The bottleneck here is your for loop. Python for loops are relatively slow, so if you need to iterate over a million items, you can get more speed by avoiding them at all. In this case, it is quite easy. Instead of this:
for item in range(n): if ((s1[item])**2 + (s2[item])**2) < 1: ii = ii + 1
do the following:
ii = ((s1 ** 2 + s2 ** 2) < 1).sum()
This works because numpy has built-in support for optimized array operations. The loop happens in c instead of python, so it is much faster.
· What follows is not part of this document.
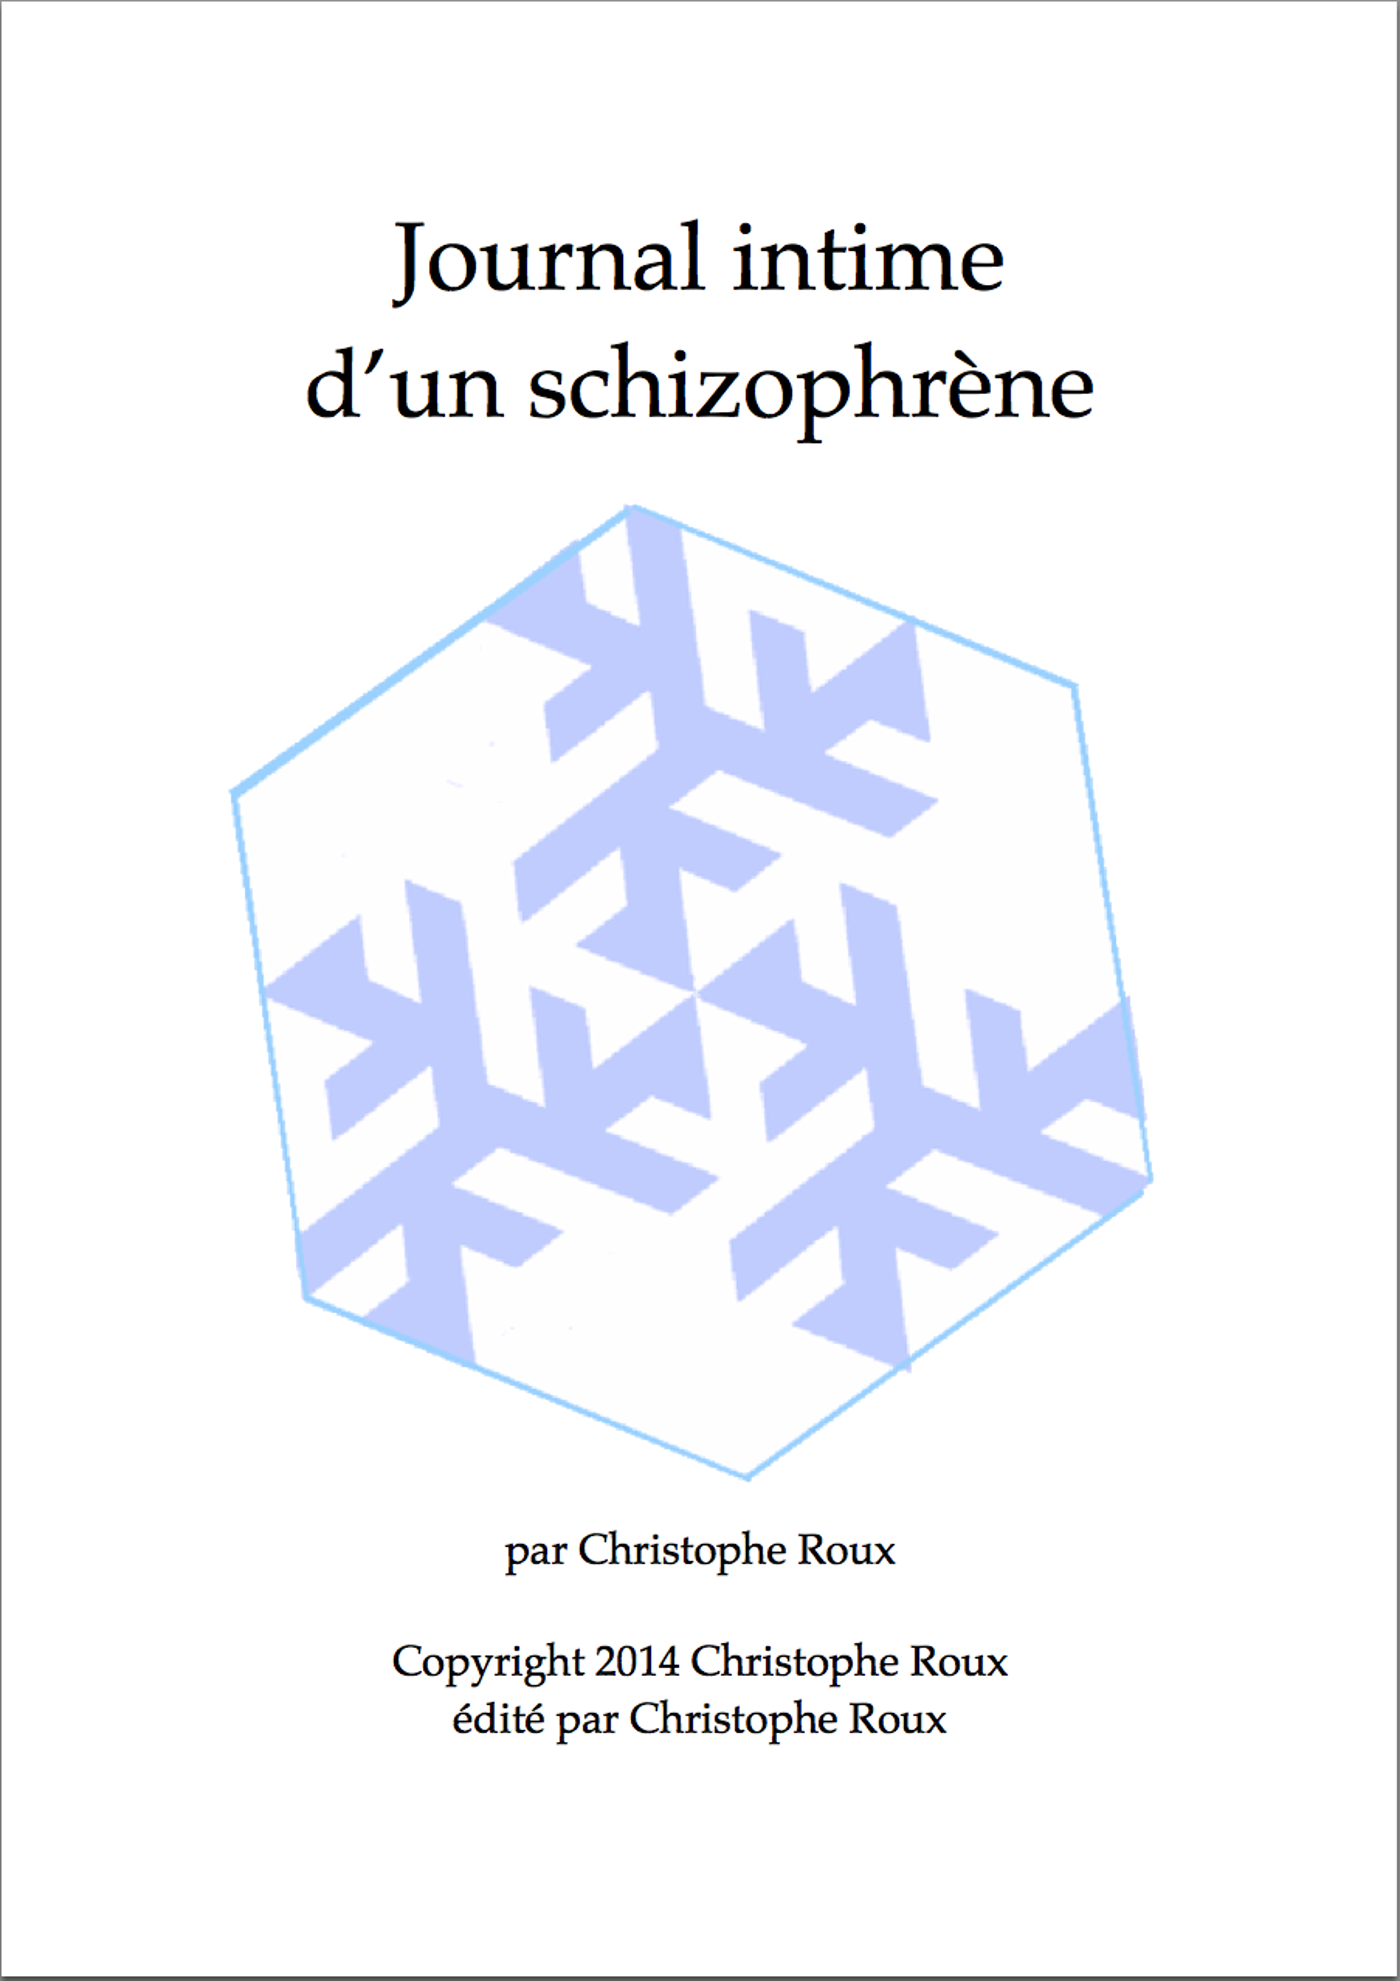 File:Journal intime d'un schizophrène.png - Wikimedia Commons
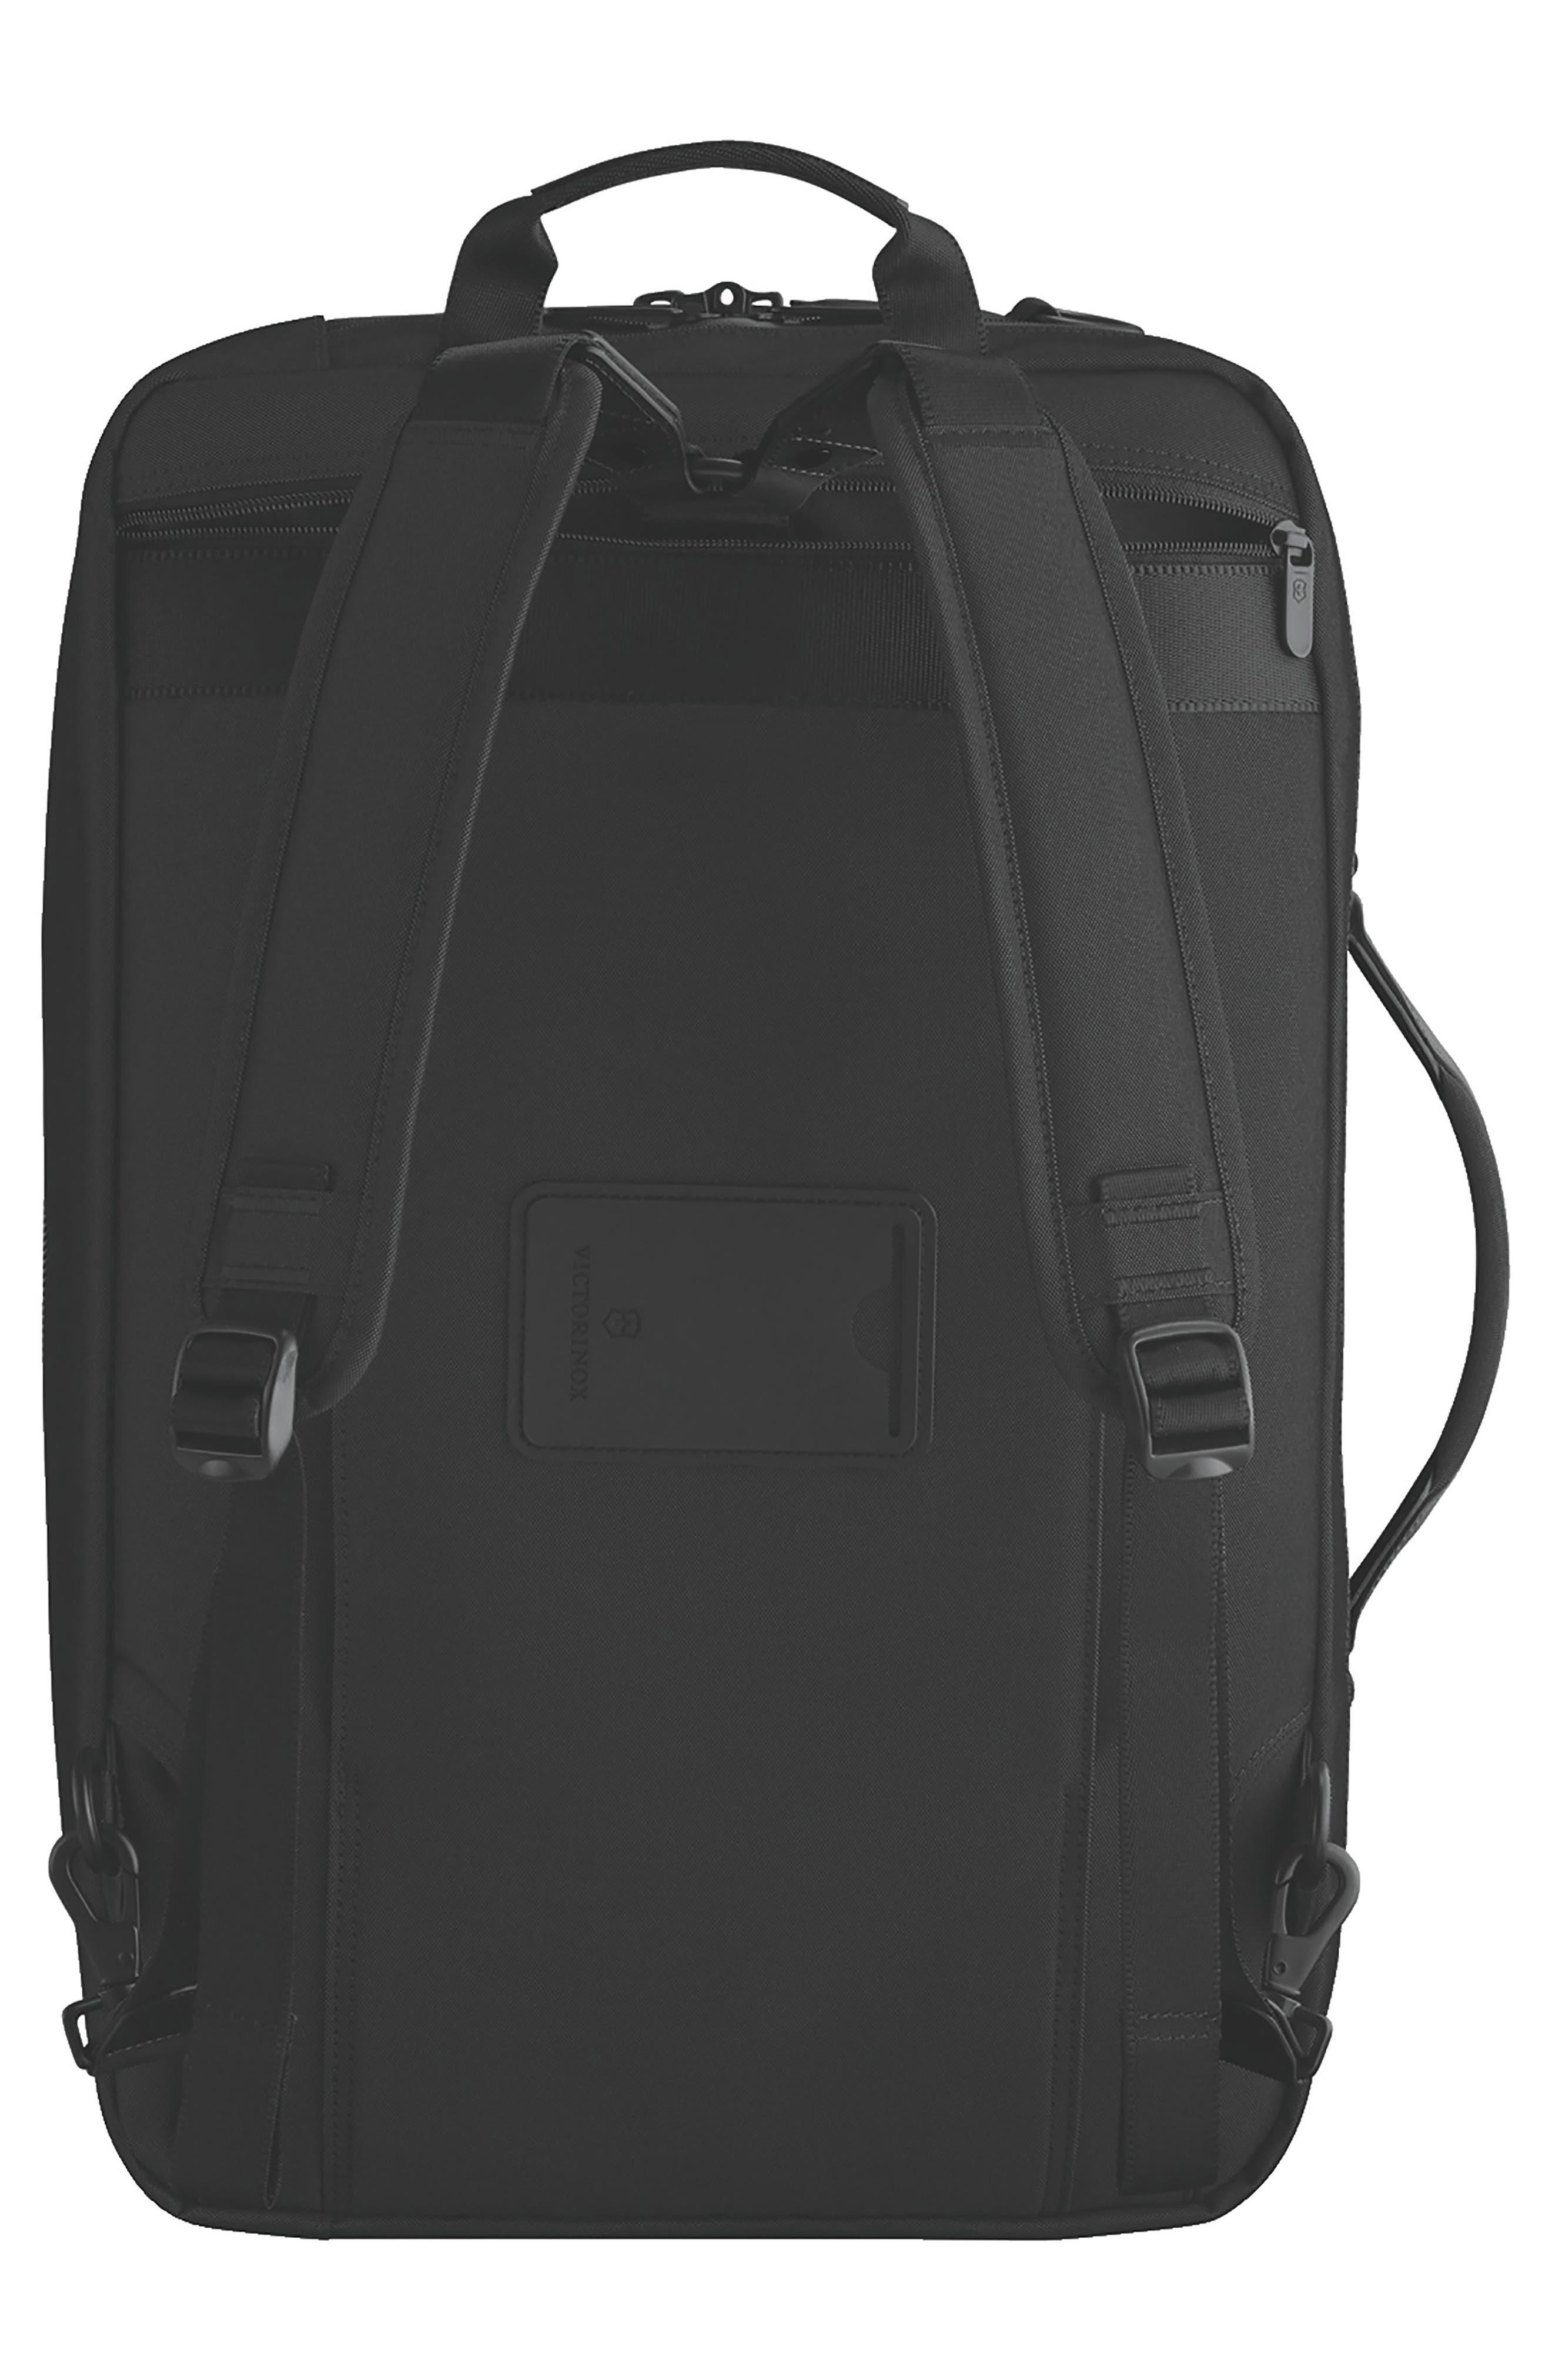 Lexicon 2.0 Convertible Backpack,                             Alternate thumbnail 2, color,                             001

I did a quick test so you can see the difference:
>>> def estimate_pi_loop(x, y): ... total = 0 ... for i in xrange(len(x)): ... if x[i] ** 2 + y[i] ** 2 < 1: ... total += 1 ... return total * 4.0 / len(x) ... >>> def estimate_pi_numpy(x, y): ... return ((x ** 2 + y ** 2) < 1).sum() ... >>> %timeit estimate_pi_loop(x, y) 1 loops, best of 3: 3.33 s per loop >>> %timeit estimate_pi_numpy(x, y) 100 loops, best of 3: 10.4 ms per loop
Here are some examples of possible operations, so you have a sense of how this works.
Array squaring:
>>> a = numpy.arange(5) >>> a ** 2 array([ 0, 1, 4, 9, 16])
Adding Arrays:
>>> a + a array([0, 2, 4, 6, 8])
Comparison of arrays:
>>> a > 2 array([False, False, False, True, True], dtype=bool)
Summing Boolean Values:
>>> (a > 2).sum() 2
As you probably understand, there are faster ways to evaluate Pi, but I admit that I have always admired the simplicity and effectiveness of this method.